Imprisoned is not the prisoner, but oppressed humans with their countless unfulfilled dreams.
I mingled with the oppressed of the busy streets of Athens, far from the narrow corridors of the prisons, and I was terrified by meeting so many oppressed looks hiding under slanting eyes that immediately disappear in a few hurried steps.
A massive prison decorated with all sorts of bars.
Bars at school in order to limit kids’ thoughts. Bars in houses in order for you to feel safe and sheltered from the “ruthless enemy” – which is a result of capitalism itself – giving it a gigantic form through the Means of Mass Intimidation which try to disorientate public opinion from the real enemy of freedom.
A prison city.
The smartest way to curb a society is to create enemies, undesirable intruders and inconceivable terrors, in order to push the mass to raise bars at every corner of freedom. Miserable people, trapped in a sterile reality, too weak to turn against their torturers, thus pushing some to leave the mass, everyone taking their own course.

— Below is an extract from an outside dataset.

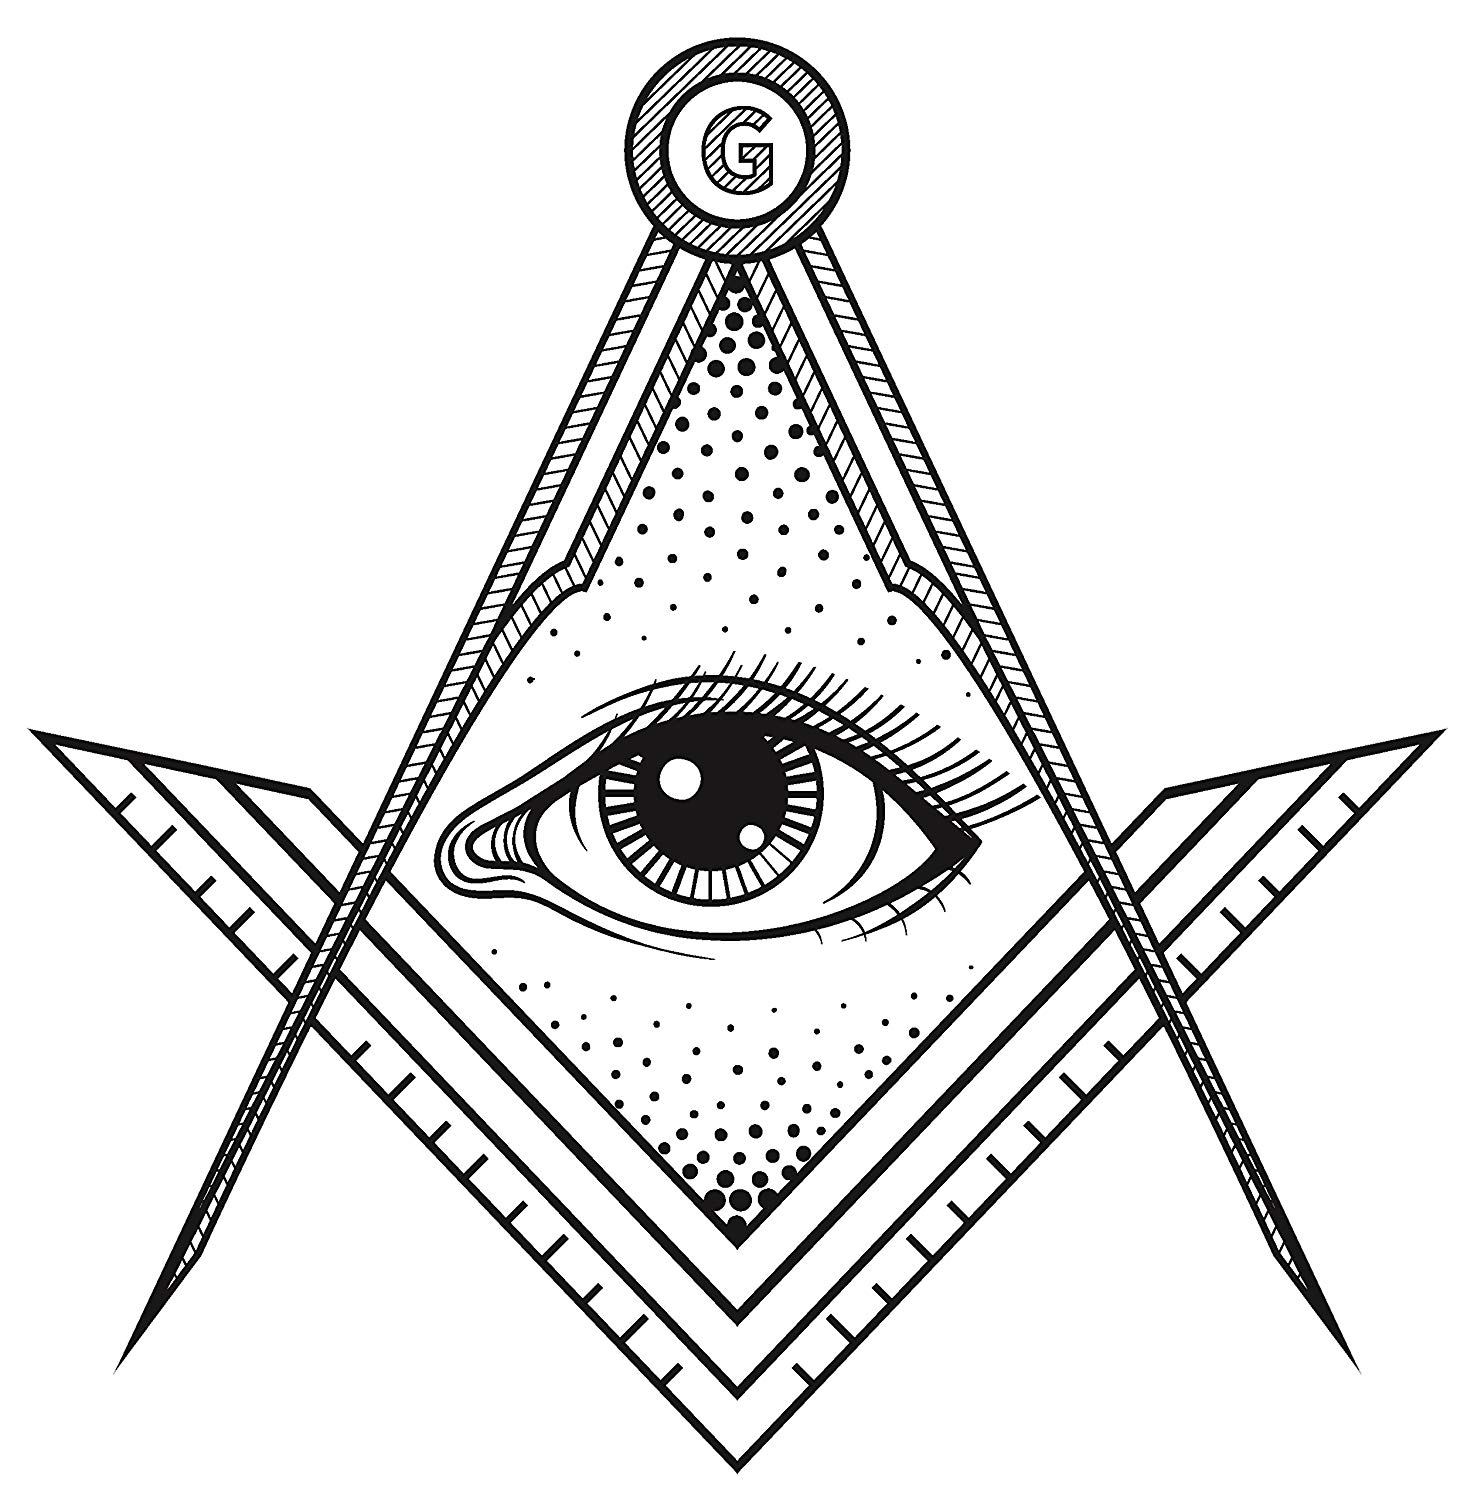 Eygptian Logo - Black and White Geometric Egyptian Logo with Eye

This personal course of each one is capable of changing the predetermined rota that the master State has decided to use in order to turn a whole society towards complete enslavement.
I programmed my own personal course with accuracy, planning every detail all these incarcerated years of my captivity. A course that aims at complete freedom, without obstacles, without laws and rules, without prohibitions and intimidations. From the first strides of liberation I began step by step to head towards my personal target and each one brought me closer to it, I saw it glowing alive like a bright star inside the abyss of misery and nothingness.
Inside the darkness of the abyss where they have thrown us, it is obvious that many hands will touch you, try to hold you back and prevent you from your targets, so, dispirited, you start to say that you will abandon them one by one. This is why I say that life is a constant struggle.
A battle with time, with fate, with the predetermined and its worshippers.
I am not here to count my years and go.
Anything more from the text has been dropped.